Souvenirs de Mi-Carême.
Si les origines du Carnaval remontent, pour ainsi dire, à l'aurore des premières civilisations, la "Mi-carème", proprement dite, est de date plus récente. Sans doute elle dut sa naissance à ce besoin d'une halte de divertissements durant la longue période d'abstinences et de renoncements, qui s'étendait du Mercredi des Cendres, de Carême-Prenant, aux premiers jours de Pâques. Conformément à une tradition en vigueur en de certaines provinces, les jeunes gens d'un quartier urbain ou d'un village champêtre offraient, le "Mardi Gras" de chaque année, un bal masqué aux jeunes filles, et celles-ci faisaient choix du troisième jeudi du Carême pour organiser des divertissements auxquels leurs cavaliers se trouvaient conviés.
C'était là une coutume fort répandue dans la classe populaire, et, comme les lavandières, les dentellières ou les marchandes des Halles se recrutaient de préférence parmi les filles d'artisans, la Mi-Carême passa insensiblement fête populaire par excellence.
Les blanchisseuses et les ouvrières se déguisaient fort volontiers, et leurs cortèges, renforcés de quelques jeunes apprentis, poursuivis des cris des gamins parisiens, parcourant les rues avoisinant la porte Saint-Antoine où fut, tant d'années, le rendez-vous des masques. Etienne Jeaurat, qui vécut au dix-huitième siècle, qui fut contemporain de Chardin, le Chardin du Bénédicité et de la Pourvoyeyse, a retracé, entre autres scènes populaires, le "Carnaval des rues de Paris".
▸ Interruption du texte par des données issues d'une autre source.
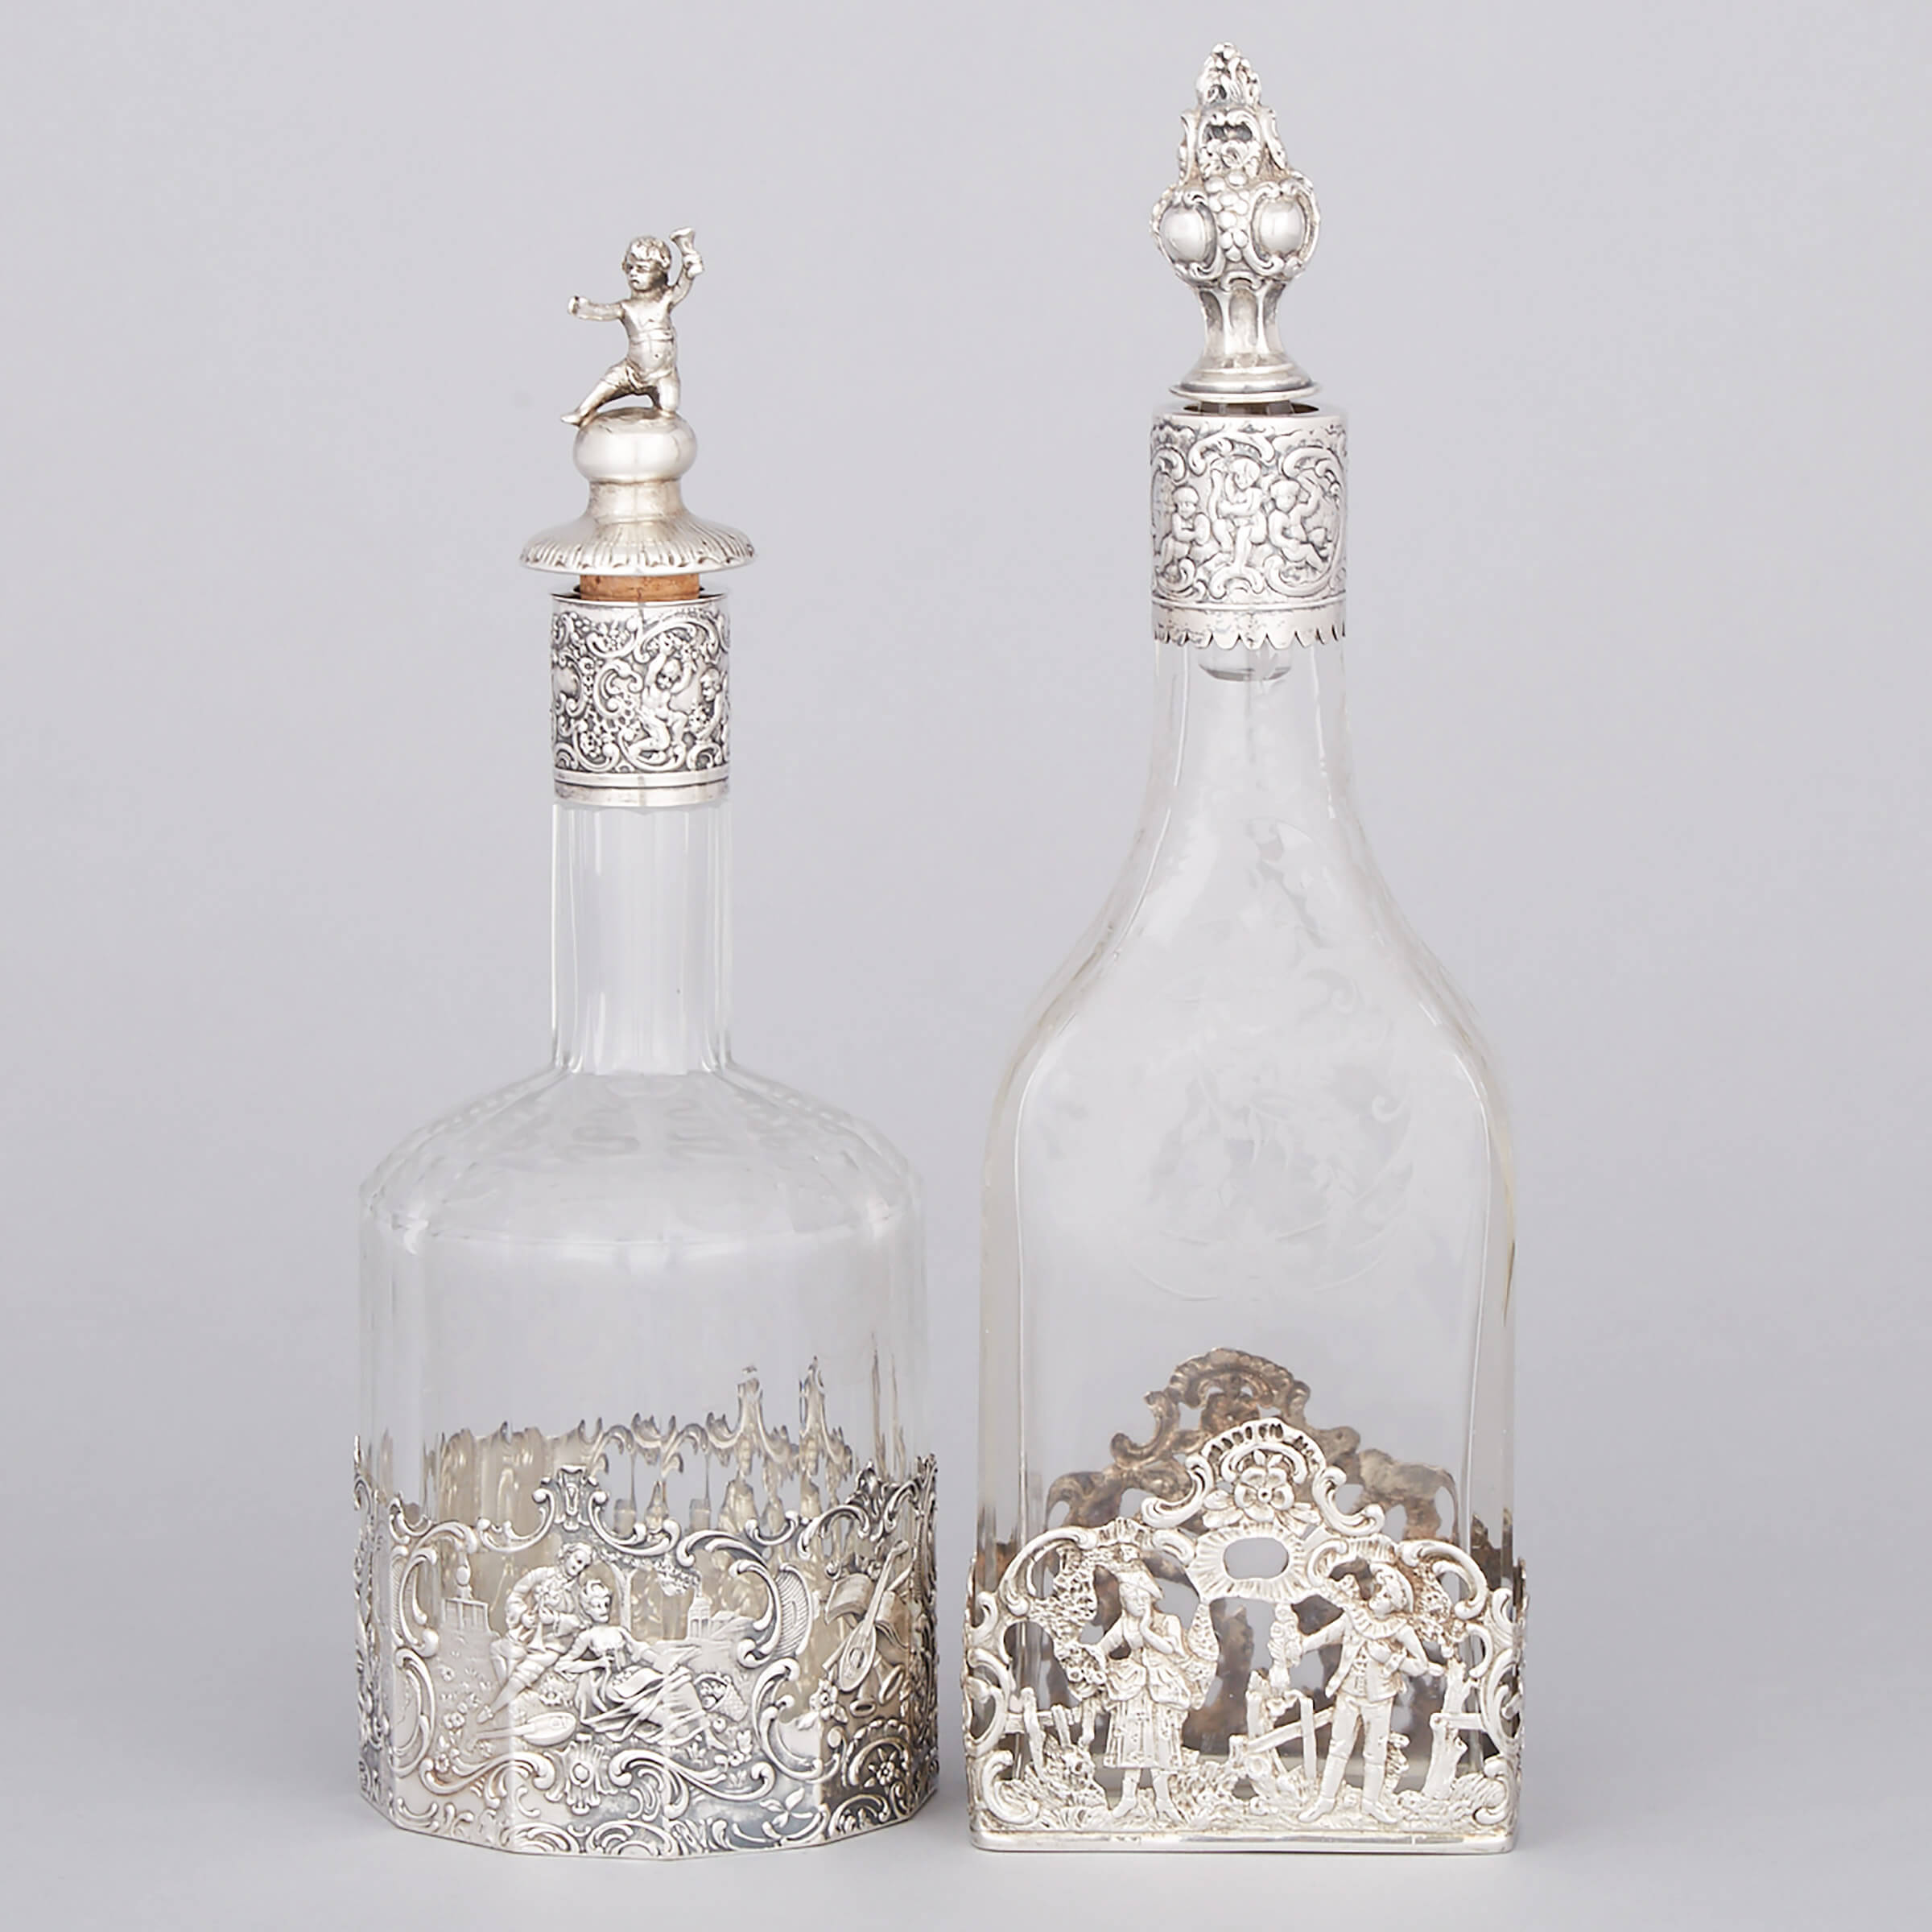 Two German Silver Mounted Etched Glass Decanters, Weinranck & Schmidt and J.D. Schleissner & Söhne, Hanau, c.1900

Le carnaval, tel qu'il nous est ainsi représenté, ce n'est point, en temps de Mi-Carême, la fantaisie brillante et joyeuse qui régna pendant la régence du duc Philippe d'Orléans, à l'époque où les bals masqués de l'Opéra avaient lieu trois fois par semaine, avec un éclat toujours constant. Mme Du Barry domine Louis XV le Bien-Aimé, et cet empire de la favorite sur le souverain coûte cher à Jacques Bonhomme. Il n'a guère le cœur à la joie.
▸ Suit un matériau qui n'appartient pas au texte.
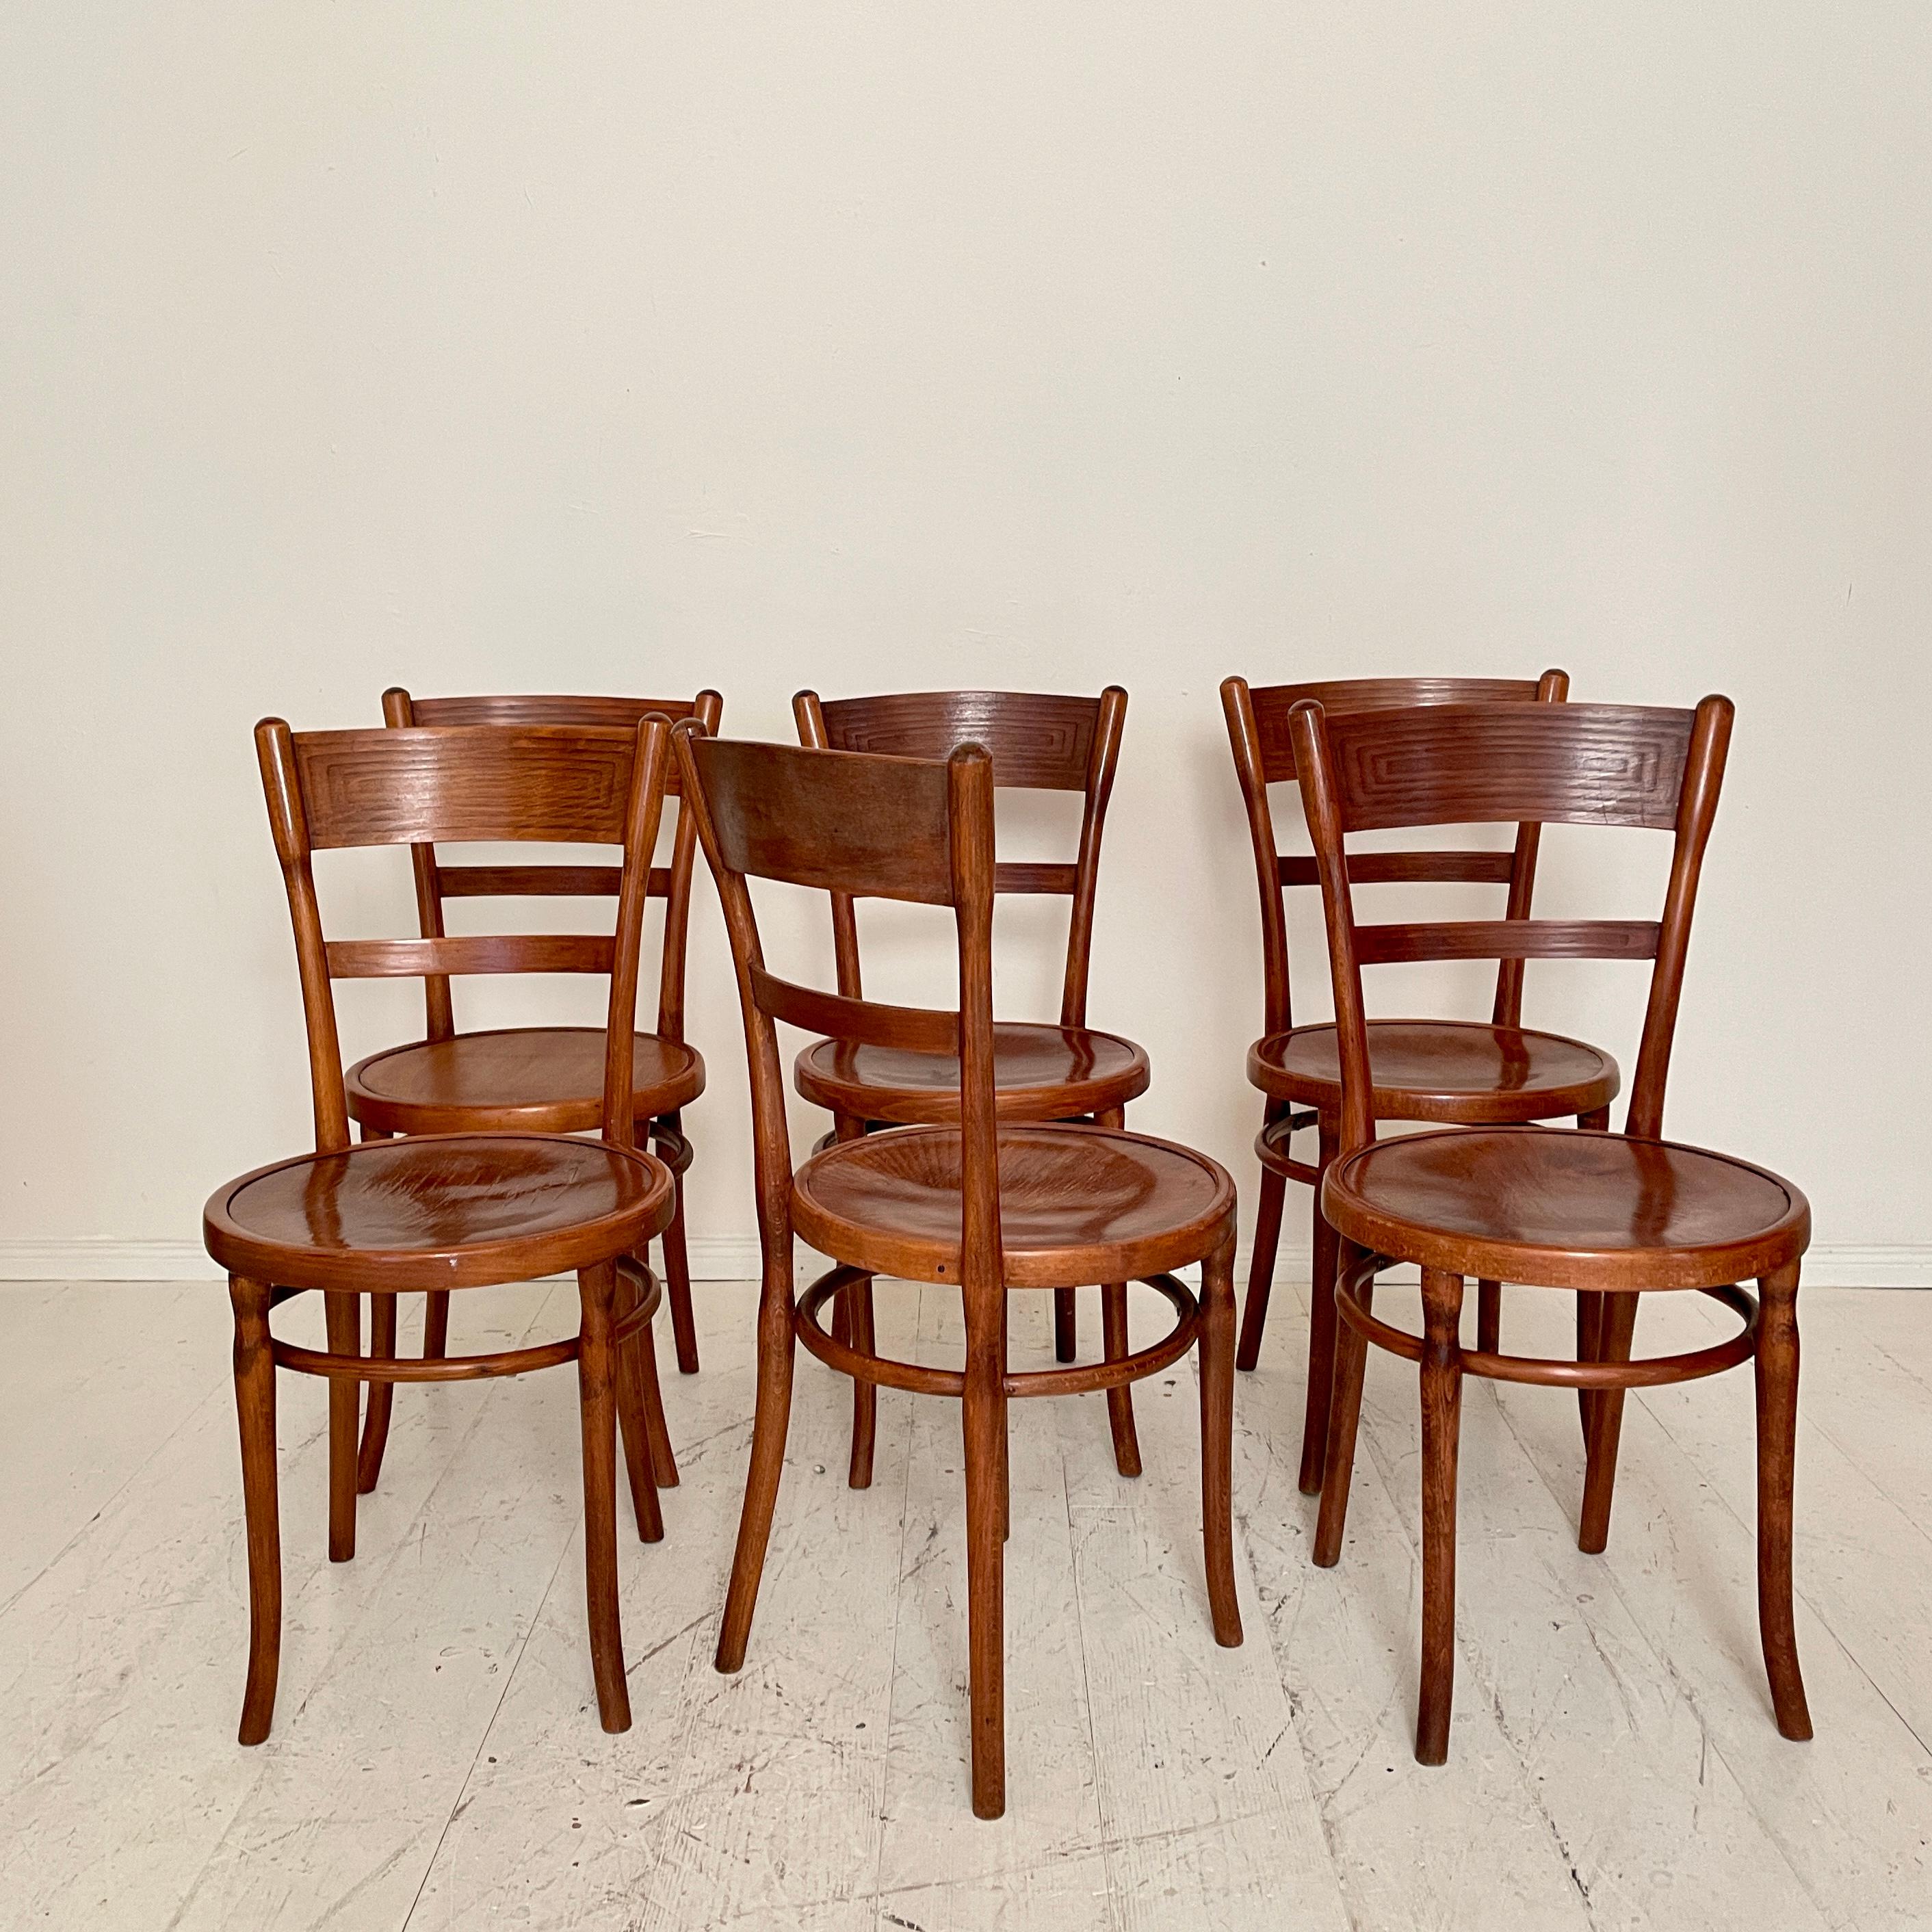 Early 20th Century Set of Six Bentwood Dining Chairs, in Brown Beechwood, Jugendstil Around 1910

L'"allégresse fausse et mensongère" de quelques passants déguisés se poursuit donc surtout grâce aux subsides fournis par la police. Et il en fut ainsi jusqu'à la mort de Louis XV.
Mais que d'anecdotes intéressantes comportent ces mascarades de la rue, et que nous sommes obligés de passer sous silence, faute d'espace!... On nous permettra, du moins, de donner un souvenir de la Mi-Carême de 1832, de lugubre mémoire. Le choléra régnait, et, malgré le fléau, Rose Pompon et la reine Bacchanale firent la nique à la peur de leurs contemporains. Eugène Sue, dans son Juif errant, a écrit, sur ce sujet, des pages émouvantes et douloureuses, qui décrivent magistralement ces temps où le Carnaval fit fureur, plus qu'à aucune époque.
D'ailleurs, dès l'avènement de Louis-Philippe, dès la monarchie de Juillet, une frénésie de divertissements s'empara des Français. On dansa avec passion, on se déguisa avec entrain et l'on fit montre de cette joie exubérante dont les premières années du Directoire avaient déjà présenté le tableau.
Aujourd'hui, la "Mi-Carême" tend à remplacer le "Mardi Gras" d'antan. Si l'on rencontre individuellement moins de masques, les cortèges somptueux, nombreux, variés, répandent l'animation sur les boulevards, attroupent les passants et laissent aux contemporains l'illusion d'un "Carnaval" toujours vivant, toujours joyeux.
Edouard André.
Les Annales politiques et littéraires,Revue universelle paraissant le dimanche, 10 mars 1907.